Data below START

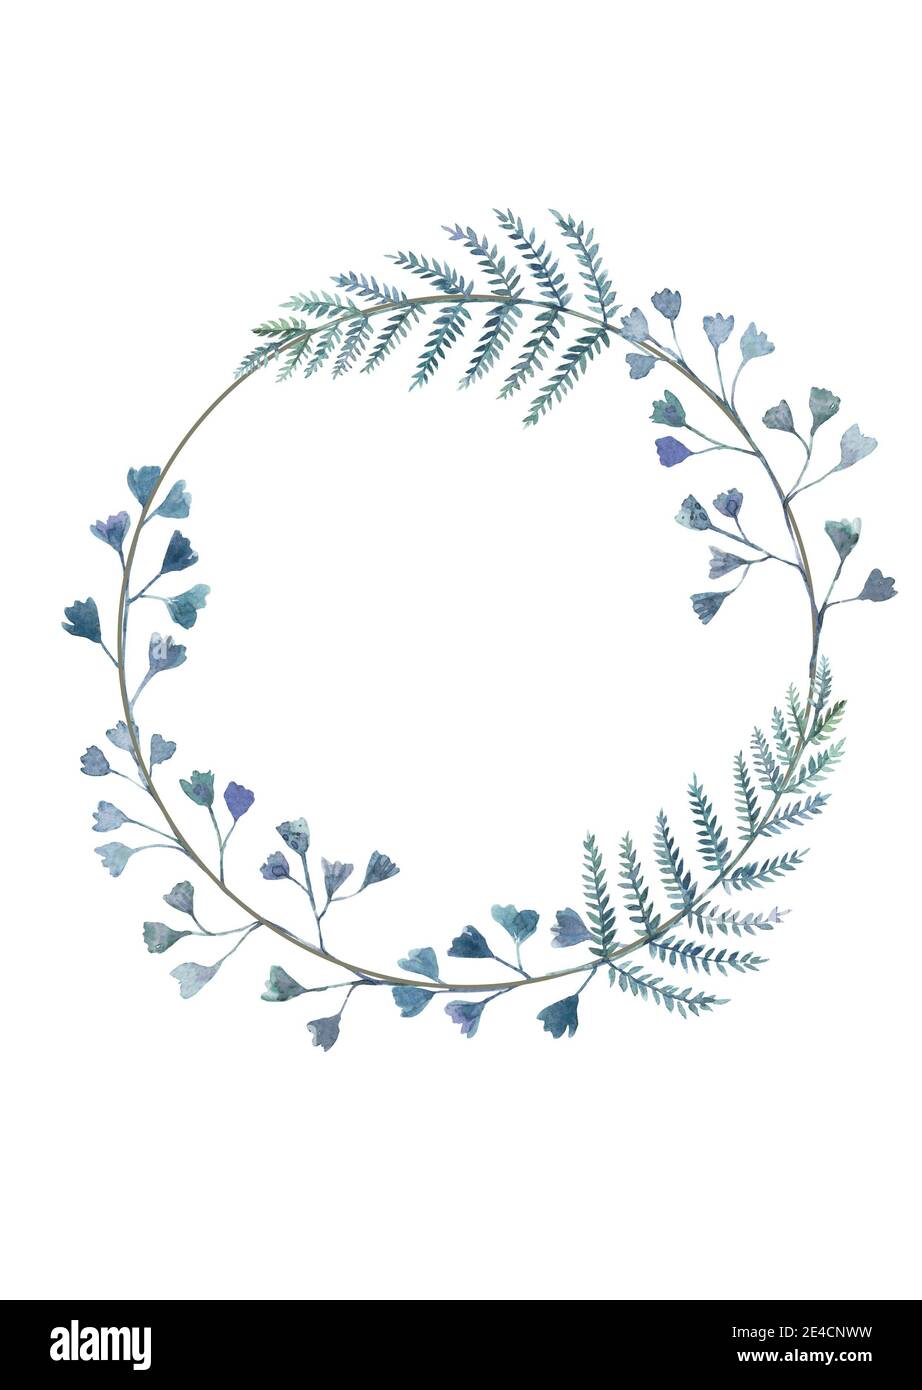 fern wreath clipart vector
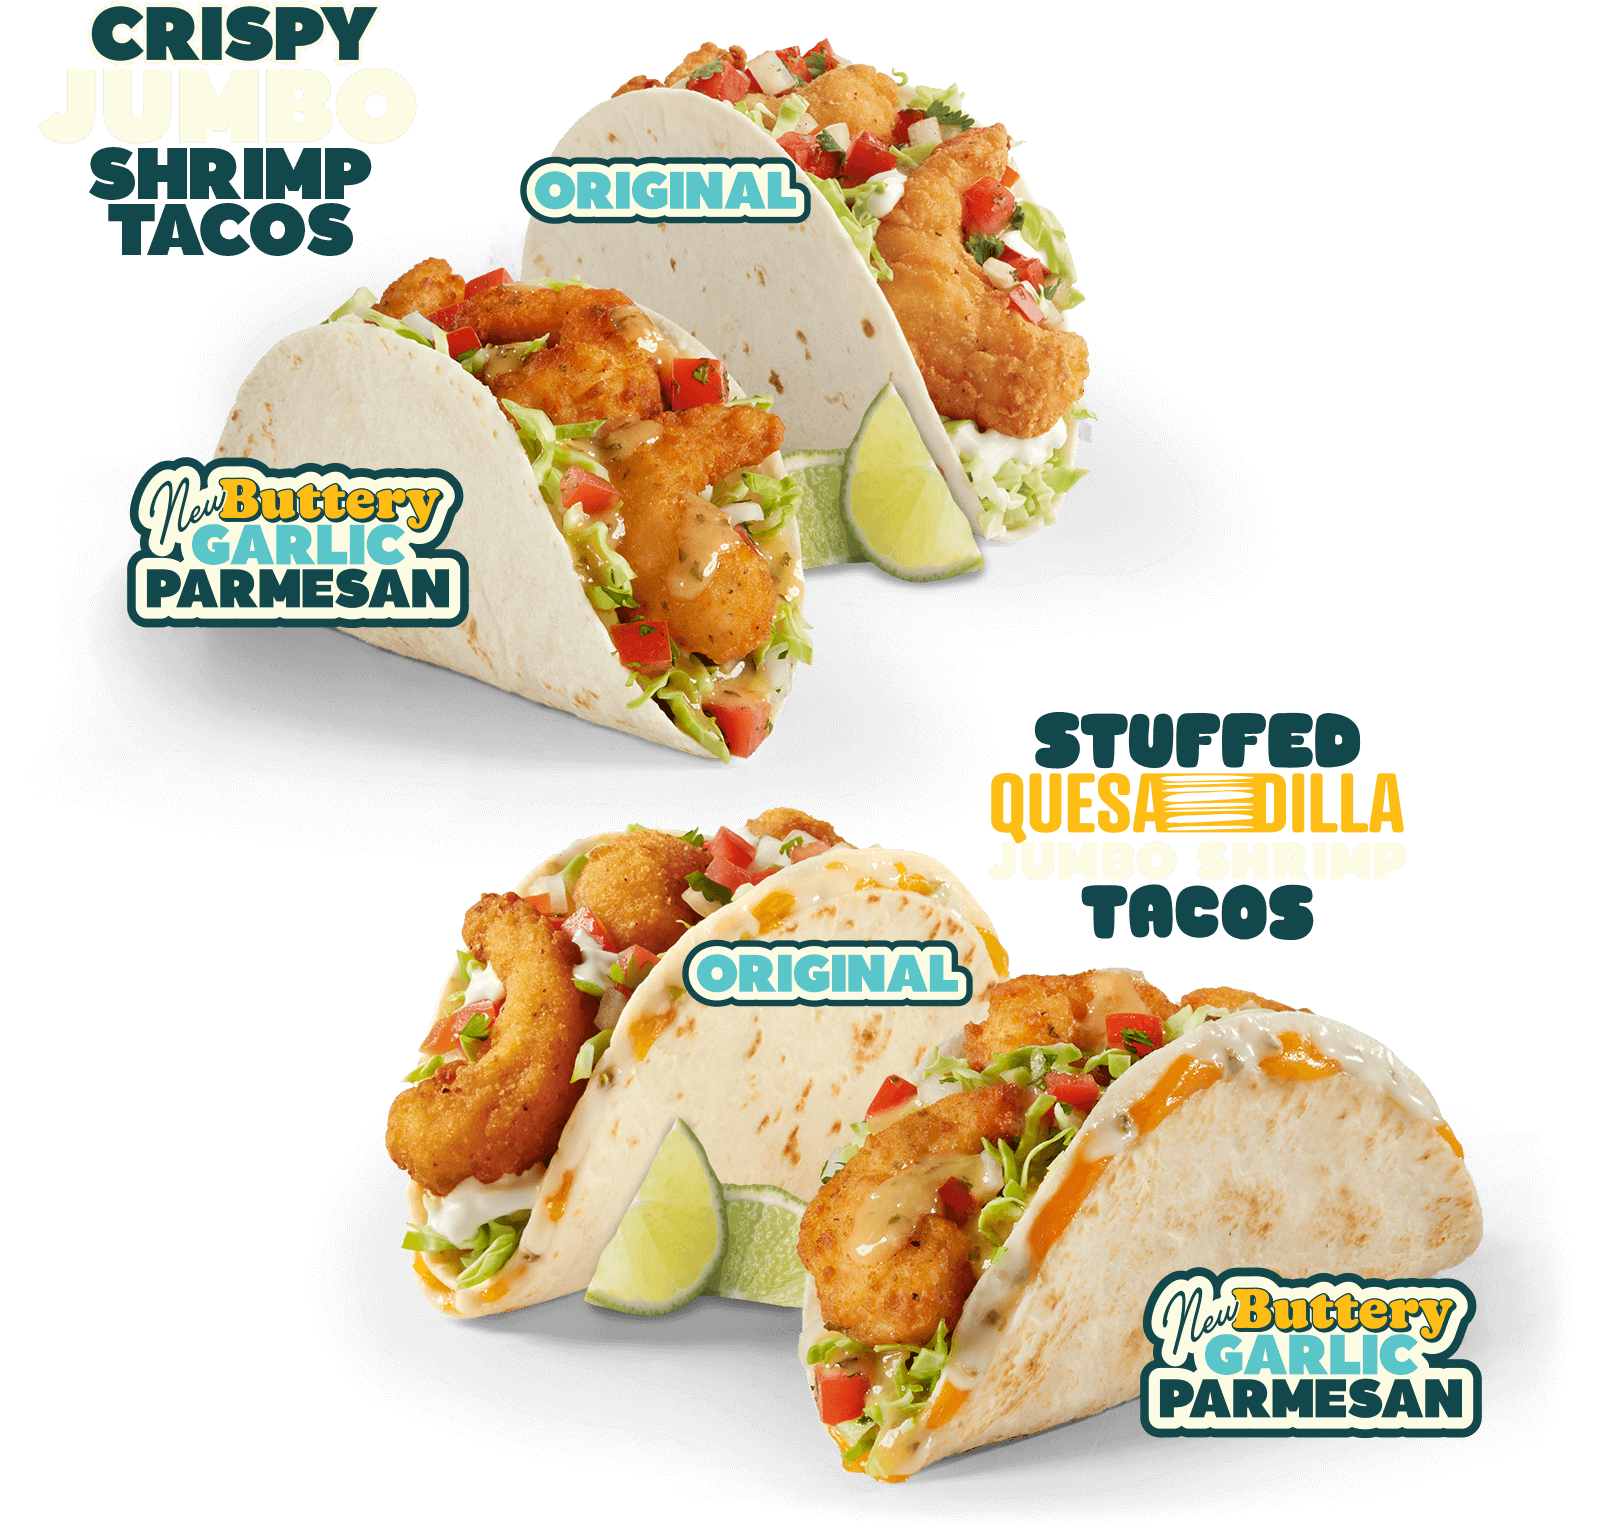 Crispy Jumbo Shrimp Tacos. Original and New Buttery Garlic Parmesan Tacos. Original and New Buttery Garlic Parmesan Stuffed Quesadilla Jumbo Shrimp Tacos.
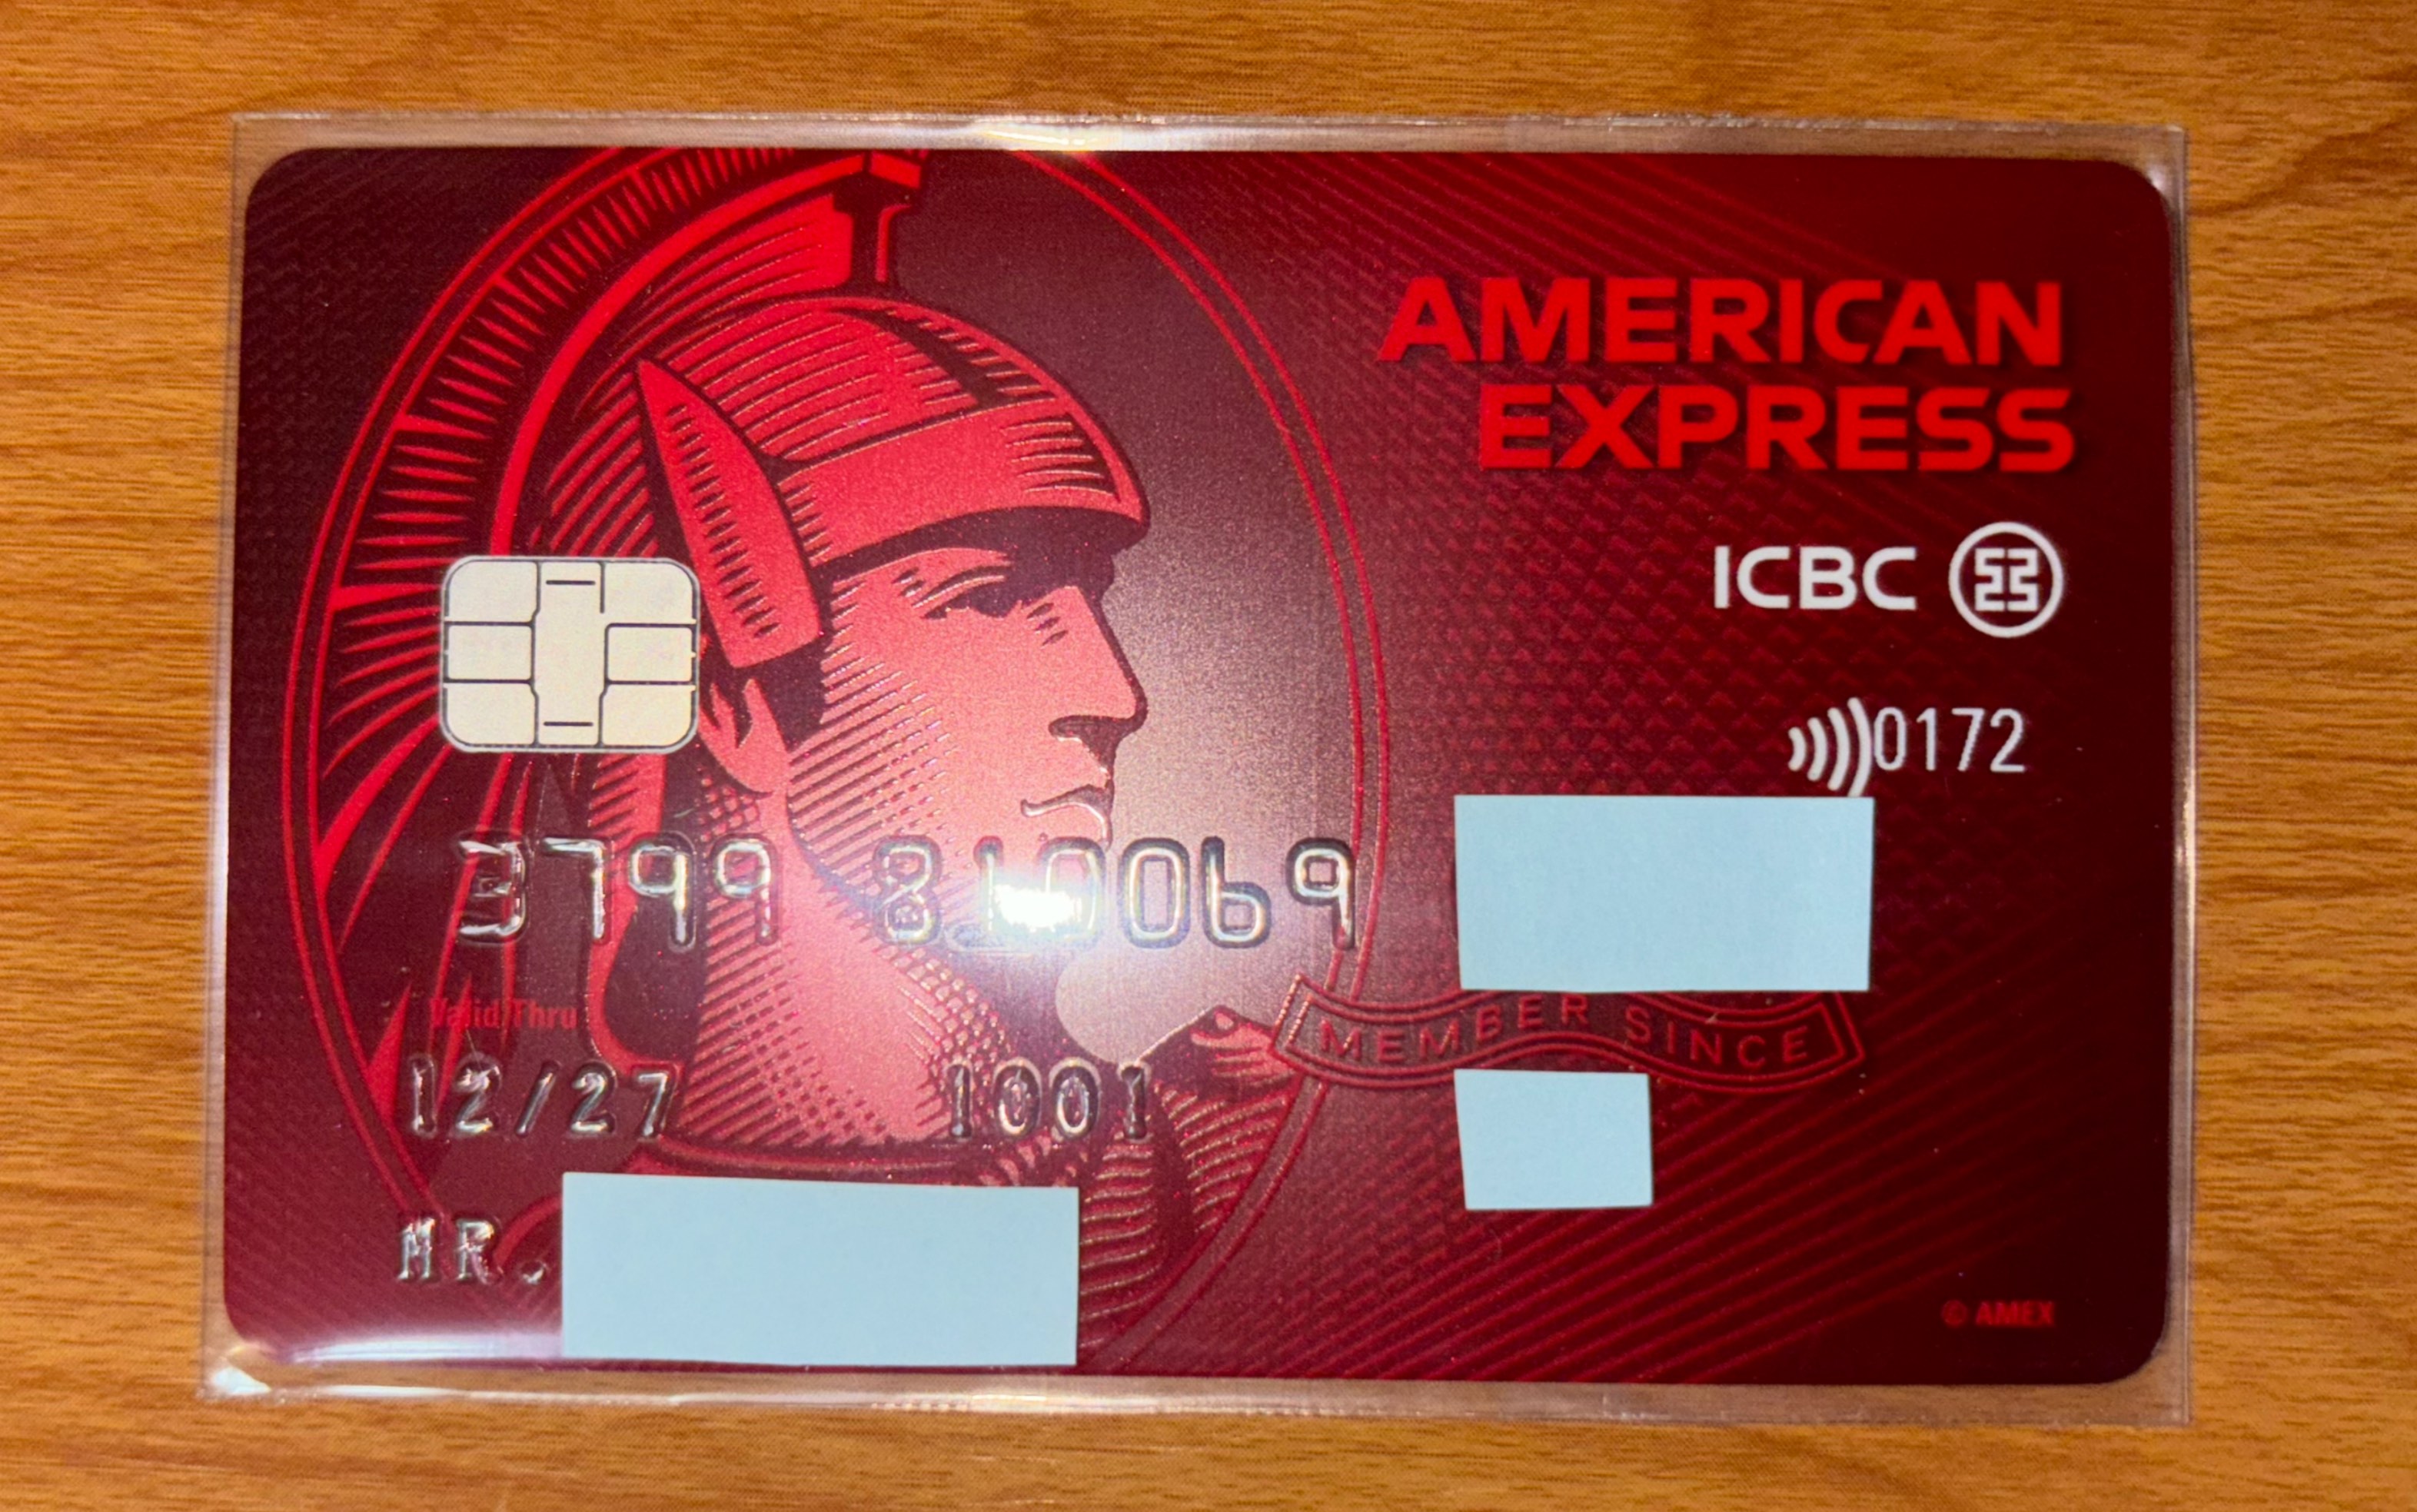 应该是工商银行发行的第一张大头版美国运通信用卡吧…话说工行咋就不

Data below END

**Directions for this task:** Nothing should be printed except the lines from the one with "Crispy Jumbo Shrimp" through the last line of the listing above, both ends included; please drop the pictures.

**Worked solution:**
 Crispy Jumbo Shrimp Tacos. Original and New Buttery Garlic Parmesan Tacos. Original and New Buttery Garlic Parmesan Stuffed Quesadilla Jumbo Shrimp Tacos.
 应该是工商银行发行的第一张大头版美国运通信用卡吧…话说工行咋就不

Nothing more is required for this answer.